Make sure that in your orders menu, "Dwarves collect refuse from outside" is turned on, and that you have a big-enough refuse stockpile. I use two refuse stockpiles right next to each other, at least 20 spaces each. Set one to accept ONLY bones, skulls, and shells, and the other to accept everything EXCEPT bones, skulls, and shells.
In my experience, if your refuse stockpile is full, hunters won't return kills, they'll just let them rot instead of taking them directly to the Butcher's Workshop.
The "He doesn't care about anything anymore" is actually a good trait for a hunter, it means he won't get a negative thought for "witnessing death" or whatever.
Good advice.
I should explain, however, that he doesn't actually "witness death" anymore, he just maims the animal and leaves it there to bleed, throw up, pass out, bleed, wake up, throw up, bleed, pass out, wake up, crawl a few spaces in a desperate attempt to reach its little groundhog hole, throw up, and bleed to death. He can't return anything that isn't dead, as far as I can tell, though it still shows up under his kill list.

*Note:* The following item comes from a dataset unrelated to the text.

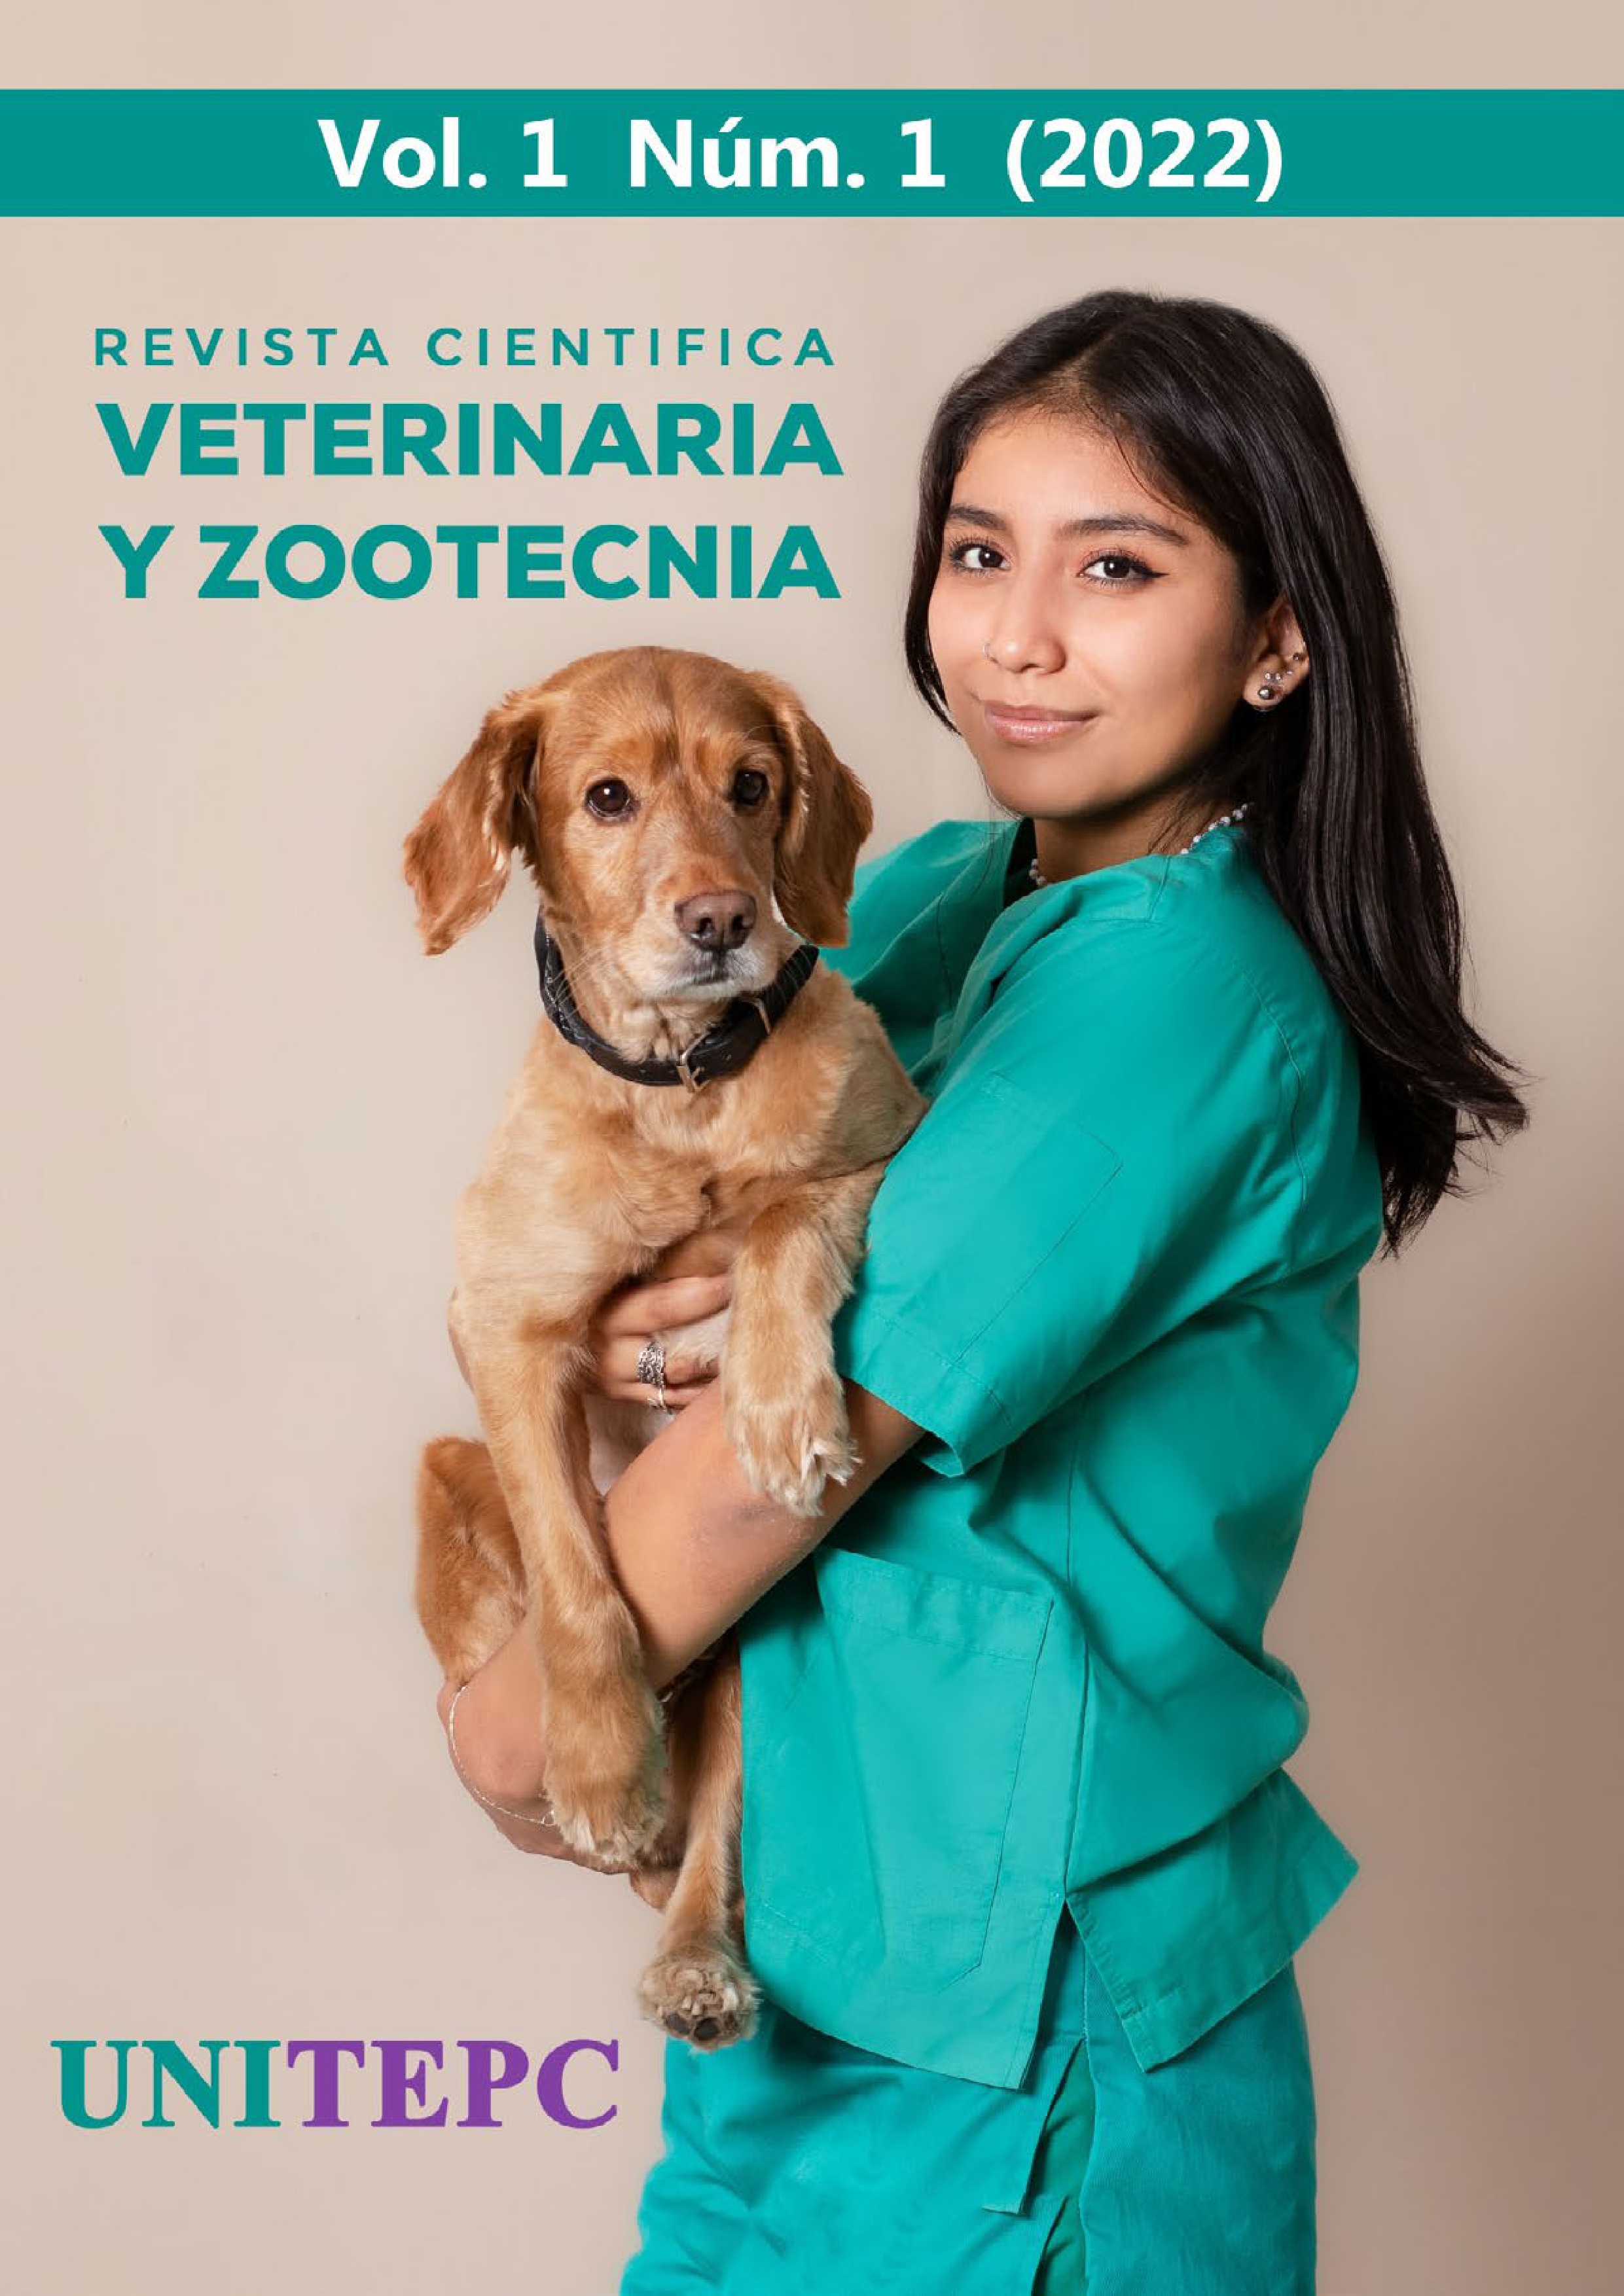 					View Vol. 1 No. 1 (2022): Revista Científica de Veterinaria y Zootecnia UNITEPC

Then you would have had monkey pieces filling up your refuse pile. And although im not that experienced in the Adventure mode nor tend to give my dwarves blunt weaponry, i think the corpse needs to hit an obstacle to explode, which is completly possible as i have no cluse how the combat zone looks like.
Anyway. a butcherer needs to process the rangers victims for the cook to make it into some edible, and the dwarves need to have the order to gather outside refuse to fetch any corpses lying around.
In Adventurer mode, I once had a guard play golf with me.
He chopped off all my limbs save one only because another guard was holding me by it, and swung his hammer so hard that I ripped off of my arm and was sent flying an entire screen north into a plain, where my body exploded.
There's no possible way this could happen, as far as I could tell, but it does at least prove the the ground is, in fact, an obstacle.